Anggota gugus tugas penanganan masalah pemerasan seks di Telegram mengadakan konferensi pers di Gwanghwamun, Seoul, pada bulan Maret 2020, menyerukan solusi mendasar terhadap masalah eksploitasi seksual di Telegram. (Kim Hye-yeon/The Hankyoreh)
Dengan banyaknya pelanggaran baru yang melibatkan pembuatan dan penyebaran gambar deepfake eksplisit yang terungkap hampir setiap hari, organisasi hak-hak perempuan Korea Selatan, Womenlink, mengutuk kenyataan bahwa perempuan “hidup tanpa negara” karena mereka tidak lagi melihat diri mereka sendiri. perlindungan yang mereka perlukan.
Womenlink mengeluarkan pernyataan pada hari Senin, mengecam “masyarakat rusak yang telah melahirkan lebih dari 220.000 pelaku kekerasan seksual” dan mempertanyakan “berapa lama Korea Selatan dapat mengabaikan situasi yang mengerikan ini.”
Womenlink menulis dalam sebuah pernyataan: “Saluran Telegram memiliki sekitar 227.000 anggota dan memungkinkan orang menerima gambar kenalan secara seksual eksplisit dalam waktu lima detik hanya dengan mengirimkan foto dan membayar.”
“Jumlah orang yang berpartisipasi dalam saluran ini menunjukkan bahwa masalahnya lebih besar dibandingkan individu tertentu yang bergabung dengan saluran ini untuk membuat dan mengonsumsi konten ilegal,” lanjut organisasi tersebut.
“Perempuan Korea hidup dalam masyarakat di mana kejahatan dan kekerasan terhadap mereka tidak dihukum atau dicegah, sehingga memaksa mereka menjalani kehidupan sehari-hari dengan rasa takut. Mereka hidup tanpa negara dan tanpa perlindungan yang seharusnya diberikan oleh negara, ” kata organisasi menulis.
“Dapatkah sebuah masyarakat yang keselamatan banyak anggotanya terancam setiap hari, dan yang menoleransi serta mendorong perilaku kolektif yang mempermalukan dan merendahkan sesama warganya, dapat terus eksis?
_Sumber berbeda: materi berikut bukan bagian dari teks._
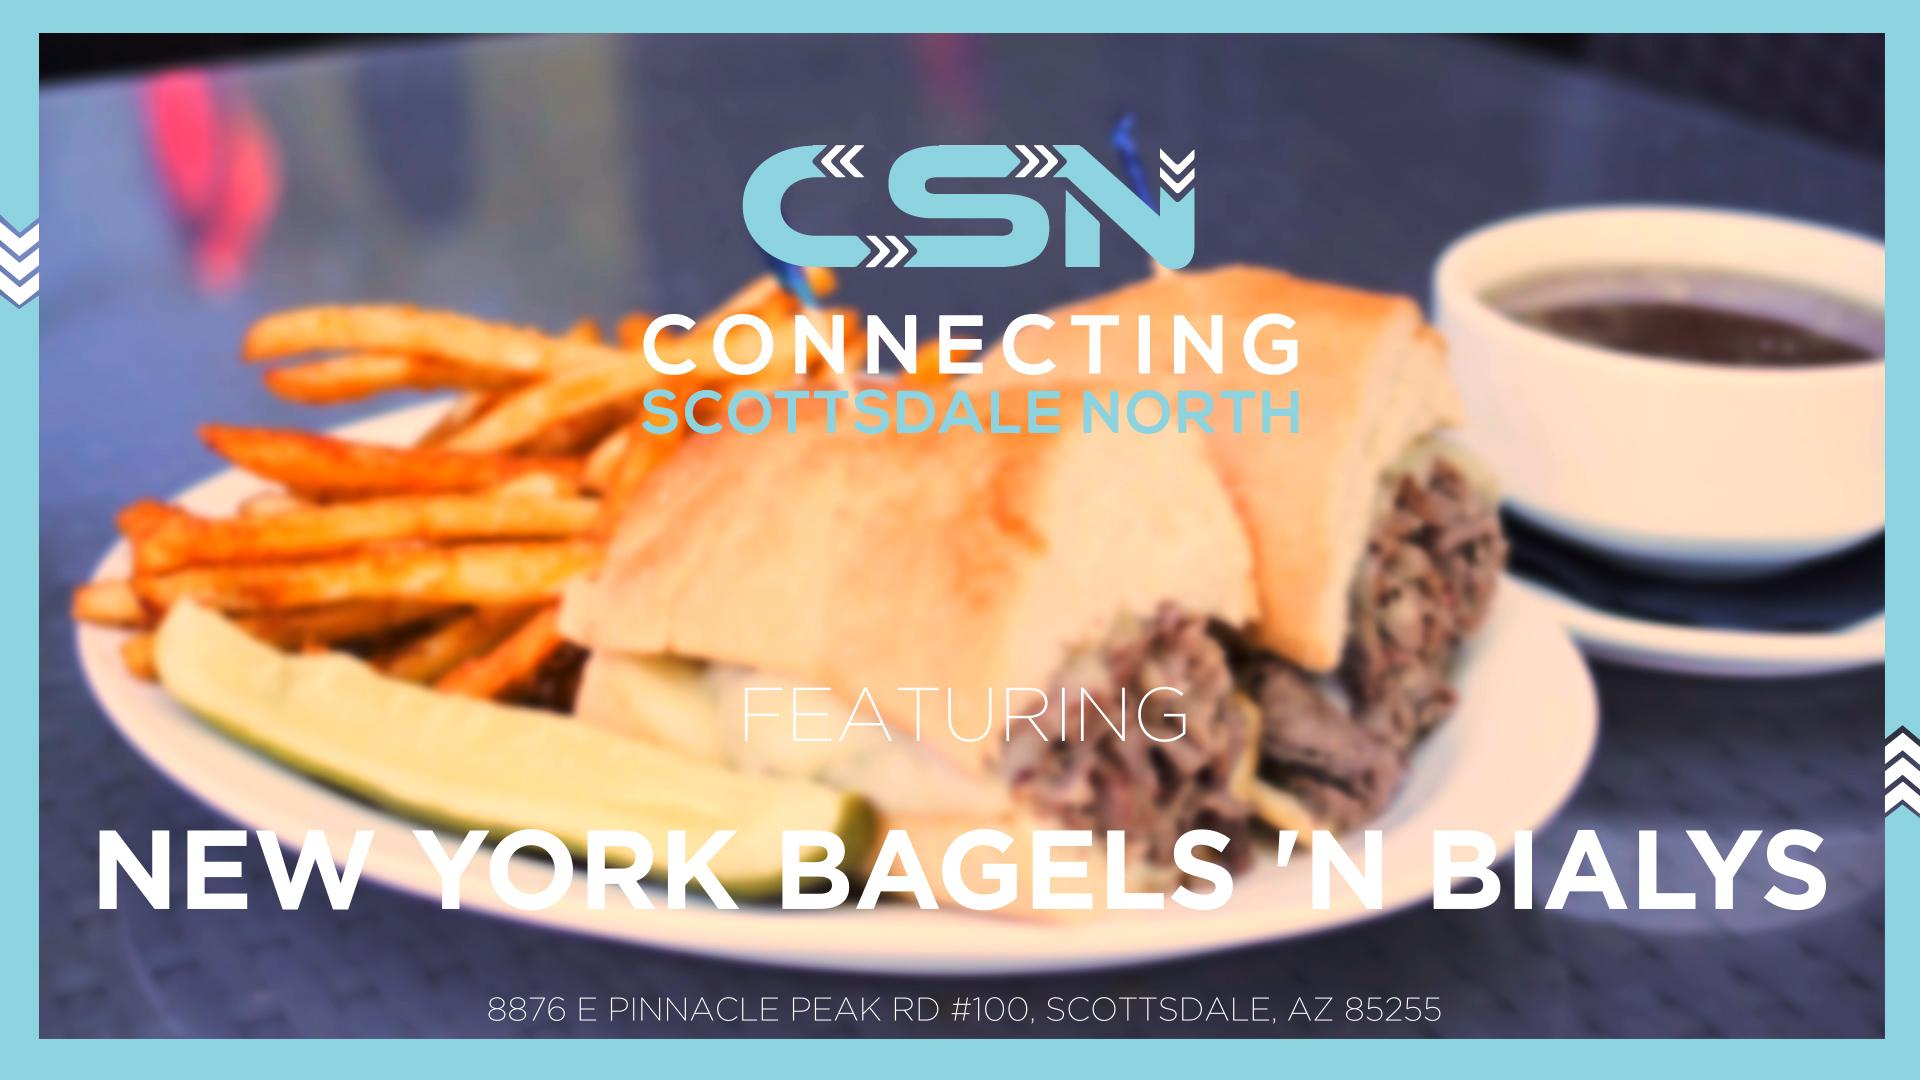 Connecting Scottsdale North | New York Bagels 'N Bialys

Yang lebih penting lagi, bukan? tanyanya sambil menekankan bahwa “ini adalah keadaan darurat nasional. “
Womenlink mengatakan sudah waktunya bagi masyarakat untuk membunyikan alarm.
“Seberapa rendah standar rata-rata orang Korea yang diangkat oleh masyarakat ini? Perempuan diobjektifikasi oleh rekan kerja dan bawahan laki-laki, kolega dan atasan, dan bahkan kenalan terdekat mereka, sebagai objek evaluasi berdasarkan penampilan dan gender, sebagai Objek seksual. penghinaan dan kehancuran,” kelompok itu bertanya.
“Mengobjektifikasi kenalan perempuan sebagai objek hasrat telah menjadi permainan bagi laki-laki untuk memandang rendah dan mempermalukan mereka,” katanya.
Womenlink juga mengecam pernyataan pemerintah Yoon Seok-yeol bahwa “tidak ada diskriminasi gender yang sistemik.” Organisasi tersebut menunjuk pada kejahatan seks digital ini sebagai sumber misogini dan seksisme dan mengecam pemerintah, dengan mengatakan “pemerintahan Yoon sedang mencoba merasionalisasi penghapusan Kementerian Kesetaraan Gender dan Keluarga dengan klaim seksisme sistemik yang tidak berdasar.” Penderitaan yang dialami banyak perempuan di masyarakat tidak ada dan diabaikan. Ini jelas merupakan kelalaian dalam menjalankan tugas.
Organisasi ini percaya: “Pemerintah harus dengan sepenuh hati mendukung departemen-departemen pemerintah yang berkomitmen untuk mempromosikan kesetaraan gender dan mengadopsi langkah-langkah komprehensif jangka pendek dan jangka panjang di seluruh kementerian untuk mengatasi diskriminasi gender struktural dan kekerasan terhadap perempuan.”
Organisasi perempuan tersebut mengakhiri pernyataannya dengan mengatakan: “Sebagai anggota komunitas kami, setiap warga negara terlibat dalam budaya mengerikan kekerasan seksual yang dinormalisasi ini. Kami perlu menegaskan bahwa setiap anggota masyarakat kami, tanpa memandang gender, menghormati orang lain.